The field of antidepressants has been characterized by the introduction of more selective and potent medicine[11] into the market, with different side-effects than older antidepressants[12]. However, even if some drugs appear to be therapeutically better than others, it is not established that the new antidepressants have improved the number of responders or remitters better than the older medicines[13], the number of responders and remitters is an important medical need in the field of unipolar depression[14]. Several scientists have tried to analyze the reasons of such research difficulties in drug discovery.

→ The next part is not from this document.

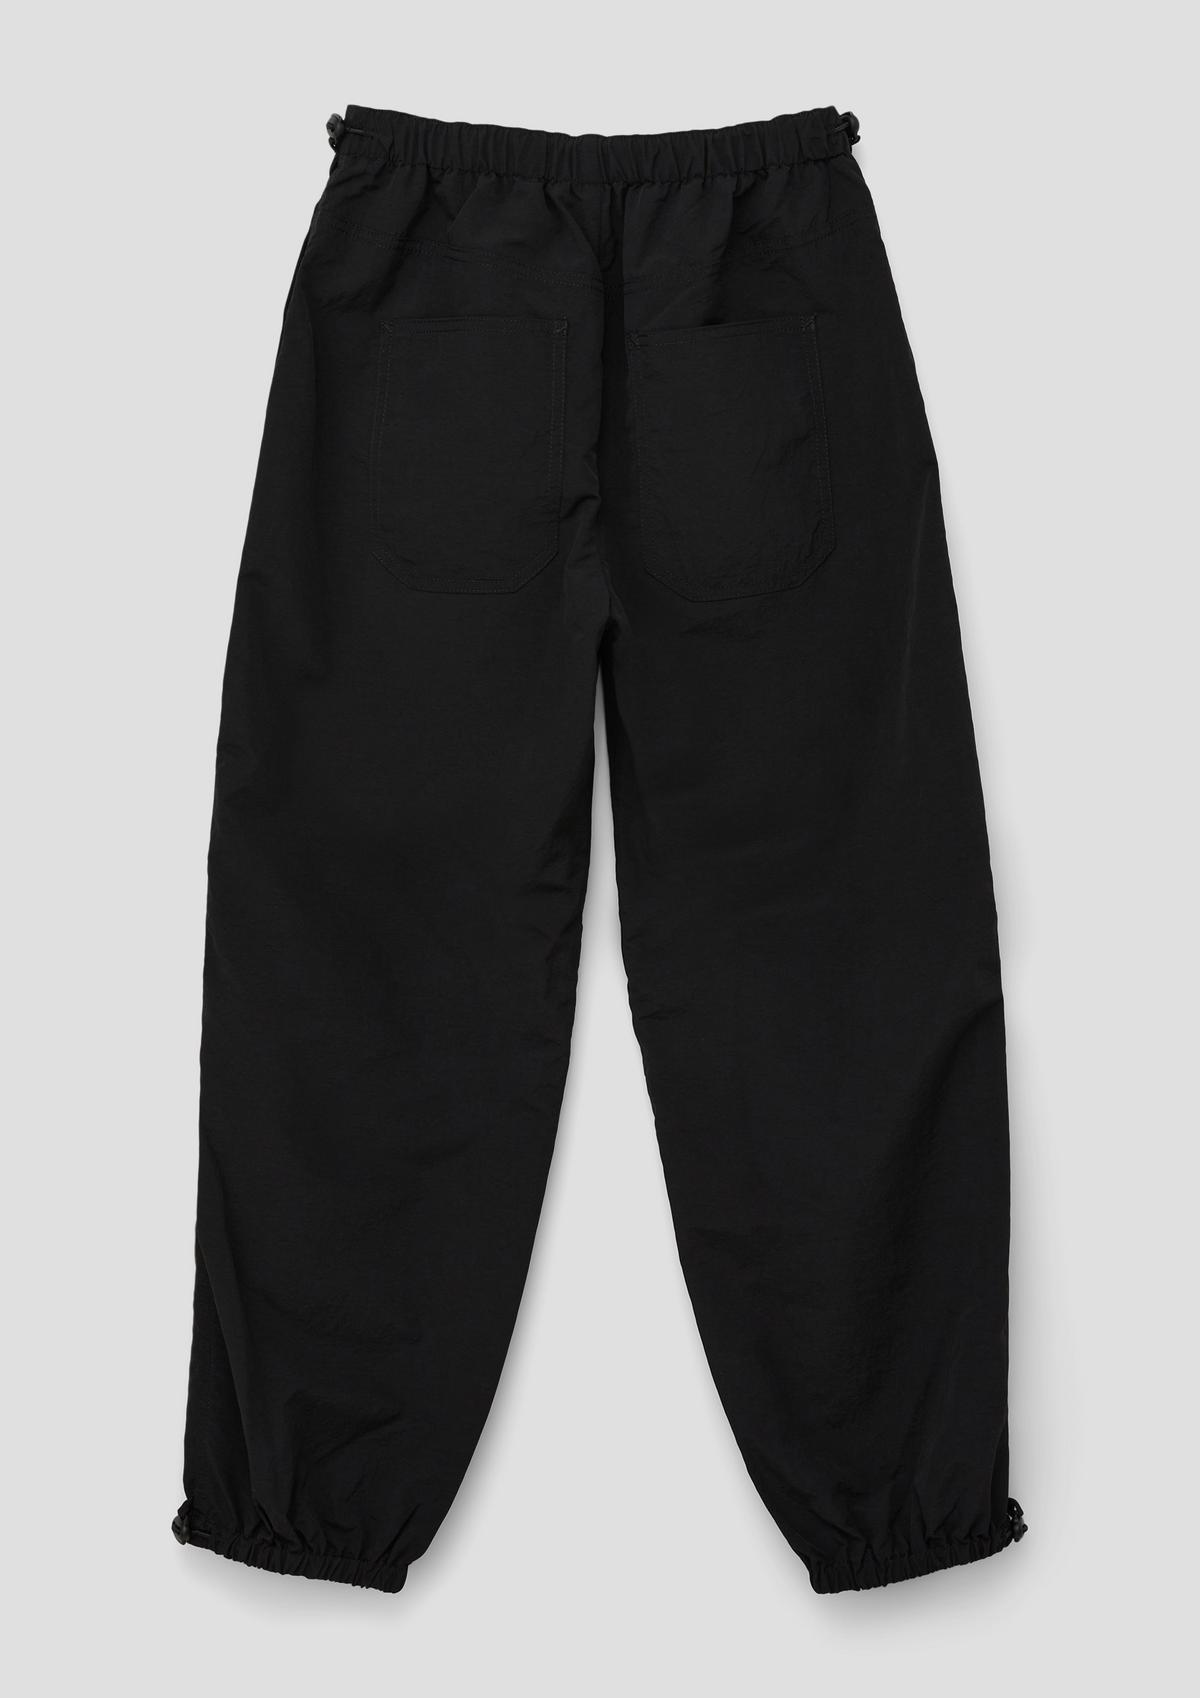 s.Oliver Parachute trousers with a straight leg

Animal models, incapability of detecting patient subpopulations, clinical trial design, unsatisfactory medical end-points, lack of biomarkers, psychological pressure on scientists working in pharmaceutical industries, marketing strategies and difficulty in establishing public-private R&D partnership have, from time to time, been evoked as causes for such failures[15-21]. However, such failure in drug discovery is not a peculiar aspect in the field of antidepressants or drugs for the central nervous system (CNS) as it also happens in other therapeutical areas other than the CNS[22]. More recently, genetic polymorphism has also been implicated in depression and in reduced antidepressant response in patients[23,24]. Various attempts have also been made to better define the role of neuroimaging for both drug-treatment and depressive patients[25-30]. Likewise, some biomarkers have also been suggested to differentiate drug-sensitive from drug-resistant patients[2]. Despite the interesting premises of genetic and neuroimaging findings or of various biomarkers, there is no universally agreed consensus on such indicators for antidepressant-resistance or for the course of the mental illness[1,31]. However, the real reason is that the etiopathogenesis of mood disorders is unknown and modeling what it is unknown is a challenging task; of course, this also applies for other pathologies. Thus, active searching for important biological indicators of antidepressant-resistance and of depression as mental illness seems to be the only way to proceed in this field.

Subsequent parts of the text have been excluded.